YOUR TASK: Exact copy, no pictures: return only the lines below from the line with "Partition autre So" up to and including the line with "cfd4a8a23 Criss-Cross Lift".

DATA EXCERPTS:
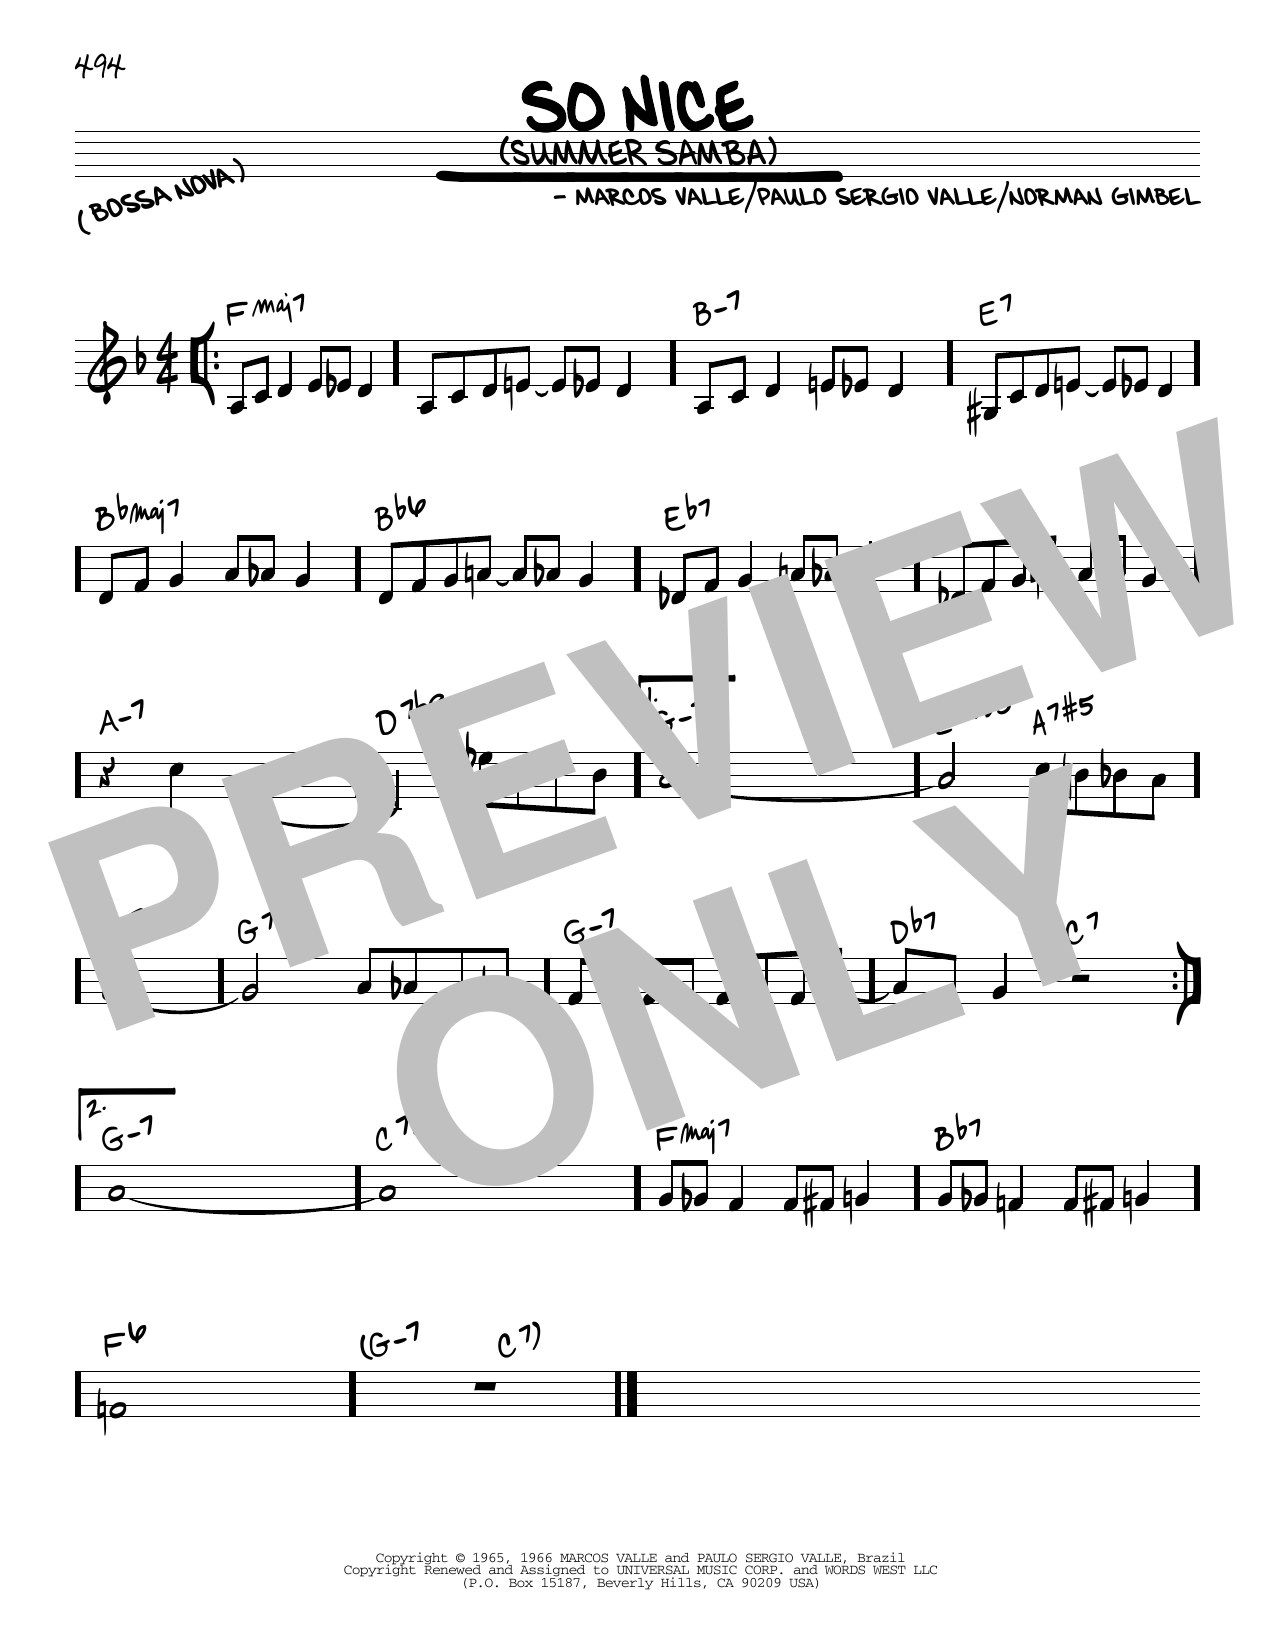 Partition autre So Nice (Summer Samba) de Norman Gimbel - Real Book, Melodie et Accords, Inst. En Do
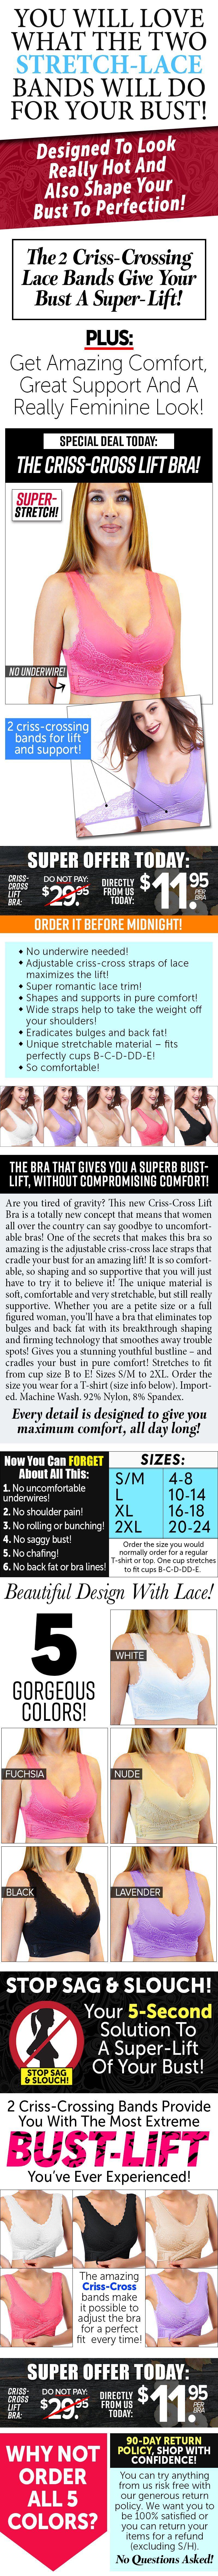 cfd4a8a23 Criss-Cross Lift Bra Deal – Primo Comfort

---

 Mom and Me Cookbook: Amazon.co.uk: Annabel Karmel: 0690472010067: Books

--

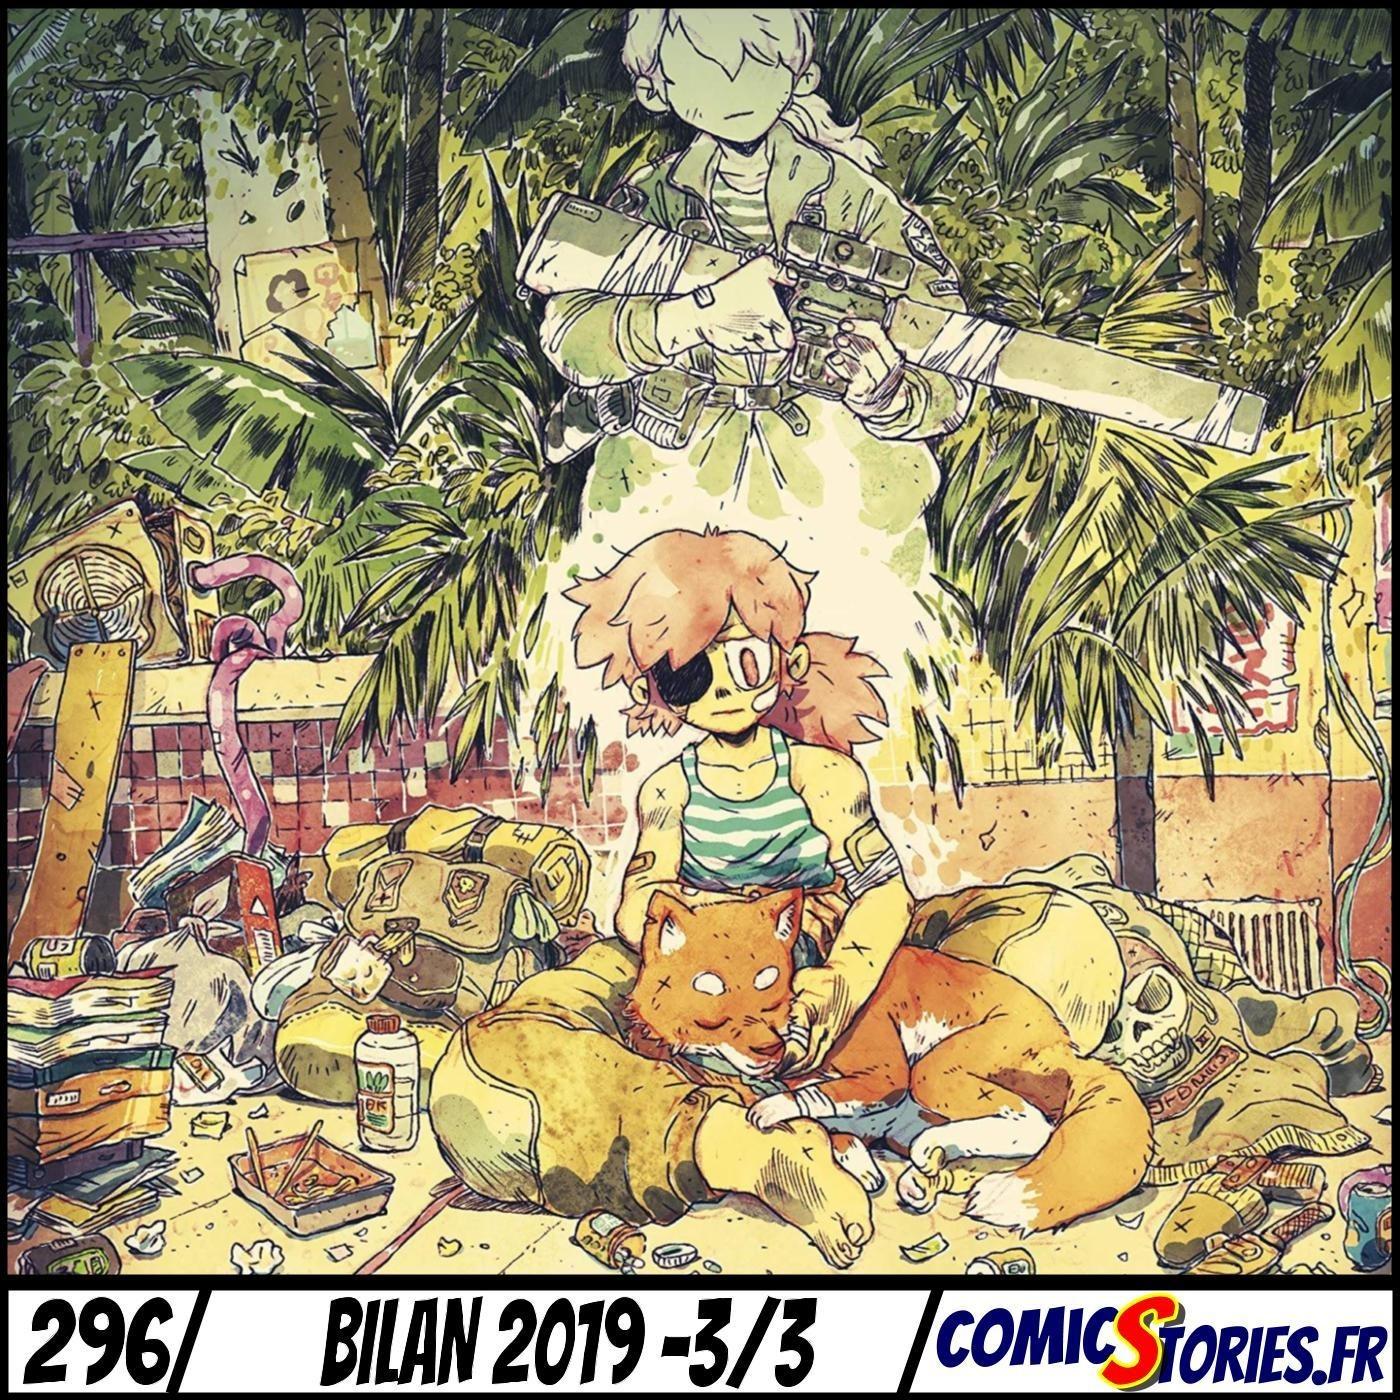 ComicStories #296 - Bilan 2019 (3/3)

SOLUTION:
 Partition autre So Nice (Summer Samba) de Norman Gimbel - Real Book, Melodie et Accords, Inst. En Do
 cfd4a8a23 Criss-Cross Lift Bra Deal – Primo Comfort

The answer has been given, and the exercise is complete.